Friday, May 25, 2012

Saint of the Day - St. Bede the Venerable


Today is the Memorial of St. Bede the Venerable – monk, historian, and Doctor of the Church.


St. Bede, by his own account, was born “on the lands of this monastery” (by which he means the twin monasteries of Monkwearmouth and Jarrow, near modern Newcastle in Northumberland, England) in 672 (some scholars give the date as 673).  Almost all we know about St.
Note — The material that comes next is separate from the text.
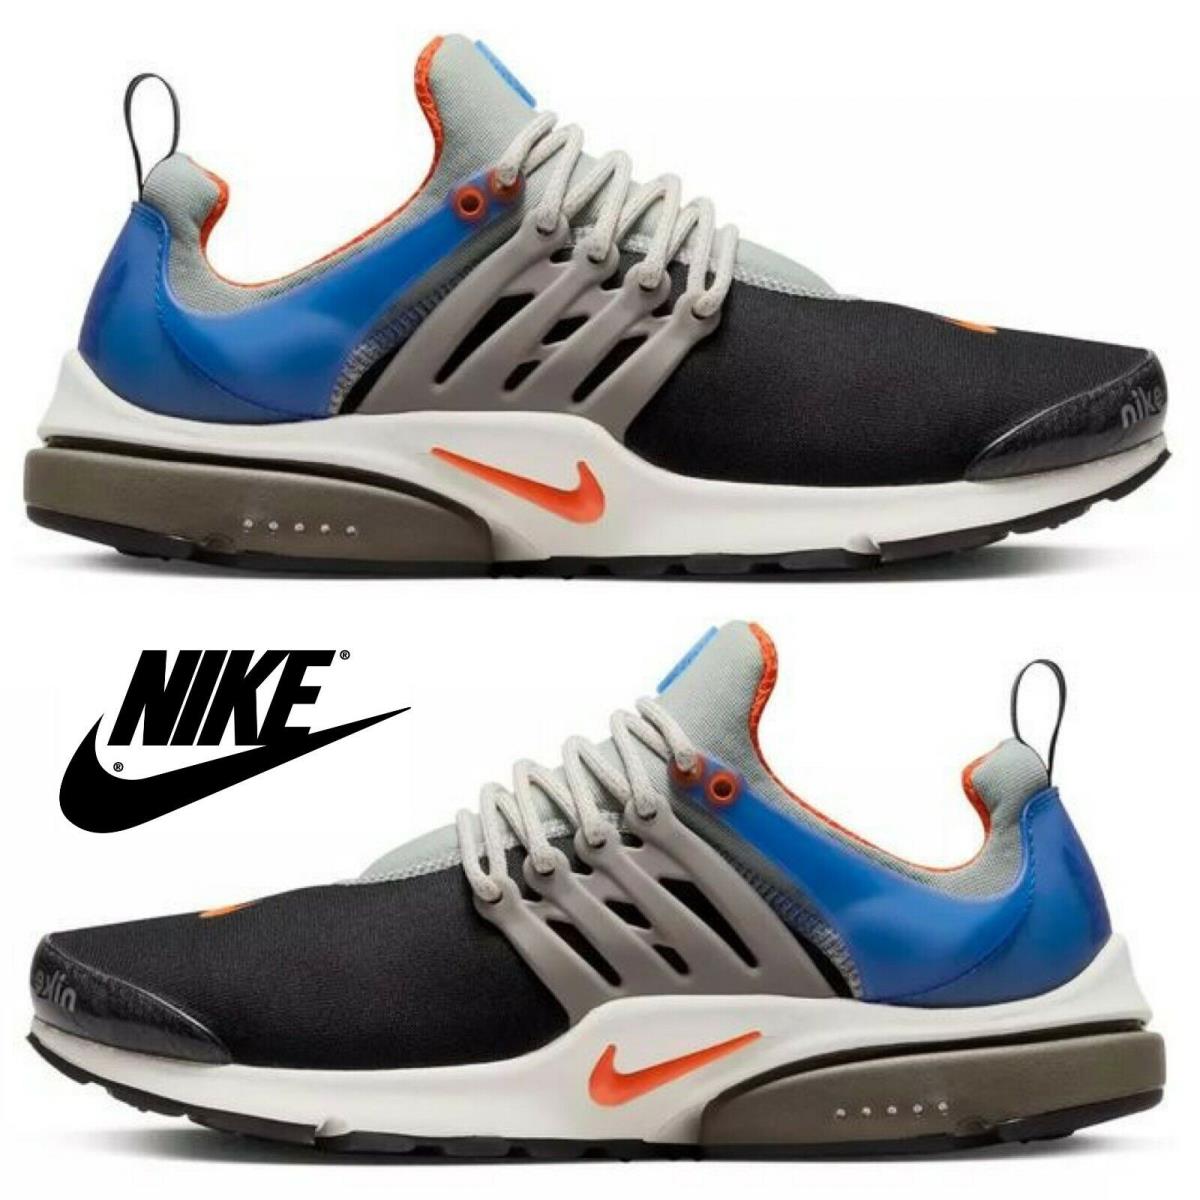 Nike Air Presto Running Sneakers Men`s Comfort Casual Shoes Sport Blue Black - Black, Manufacturer:

Bede comes from his own writings.  When he was seven, his parents sent him to the monastery at Monkwearmouth to be educated.  This was common practice among well-to-do families, and did not necessarily mean that the young student became a monk – although Bede did.  Scholars point to his name, which was not common, and was derived from the old English baed, which meant prayer, as a token that his parents intended him to become a monk.

In 682, a sister monastery to Monkwearmouth was established at Jarrow and Bede was probably transferred there.  Plague broke out there four years later, and it is believed that Bede was one of only two monks not struck down.  In 690, Bede was ordained a deacon at an unusually early age, which may give some indication of the depth of his learning and his holy nature.  Bede’s monastery contained a magnificent library for its time and place, and included the works of Eusebius, the ecclesiastical historian, whose work surely influence Bede.  He was ordained a priest in 702.


Shortly before his ordination, Bede began writing.  His first two works were textbooks, but he eventually produced over 60 works, most of which have survived.  He was a polymath, and wrote on philosophy, music, and poetry; as well as scriptural translations and commentary.  His works had vast influence both within in the Church and the larger society.  The only known travel of Bede outside the monastery lands he was born on, was a trip to York in 733, to assist in the establishment of York as an archbishopric.  He died after a short illness in 735.   


A fellow monk recorded Bede’s last days and the poem he composed on his deathbed, called Bede’s Death Song.  Here it is in Olde English (with a modern translation):


Bede’s Magnum Opus was the Historia ecclesiastica gentis Anglorum, or An Ecclesiastical History of the English People.  It is viewed as one of the earliest and finest histories in the Western world, and established Bede as the “Father of English History.”  Scholars regard it as one of the "small class of books which transcend all but the most fundamental conditions of time and place", and praise Bede's "astonishing power of coordinating the fragments of information which came to him through tradition, the relation of friends, or documentary evidence ... In an age where little was attempted beyond the registration of fact, he had reached the conception of history."  Veneration of Bede grew slowly, although by 10th century he was widely known throughout England and had churches named after him.  His veneration grew and in 1899, Pope Leo XIII named him a Doctor of the Church (he was officially declared a saint in 1935).

 
So what does an obscure scholar-monk have to say to us, some 1300 years later?  His many written works were marvels of their time; but perhaps the most important lesson we can draw from him today is continuity.  Like most historians, Bede tried to clarify the past in order to give the people of his time (and us), a sense of how we arrived at where we are, and what that might mean to where we are going.  That is lesson almost completely lost on our society today, in which radical “change” is heralded as the highest ideal.  Neither Bede, nor the Church, was against change; but rather saw it as evolving in continuity with what had gone before.  We, as heirs of the glorious heritage of Western Civilization, have the duty to preserve our history and culture even as we advance it.  Those in the Western world who think they can cut themselves off from their past (and most especially the central role of Christianity in it), and create new worlds of their own pride and folly, impoverish not only themselves, but their descendants.  Let us pray to St. Bede, that faith and reason, those two wings which lift humanity towards God, may govern not only our lives, but our culture as well.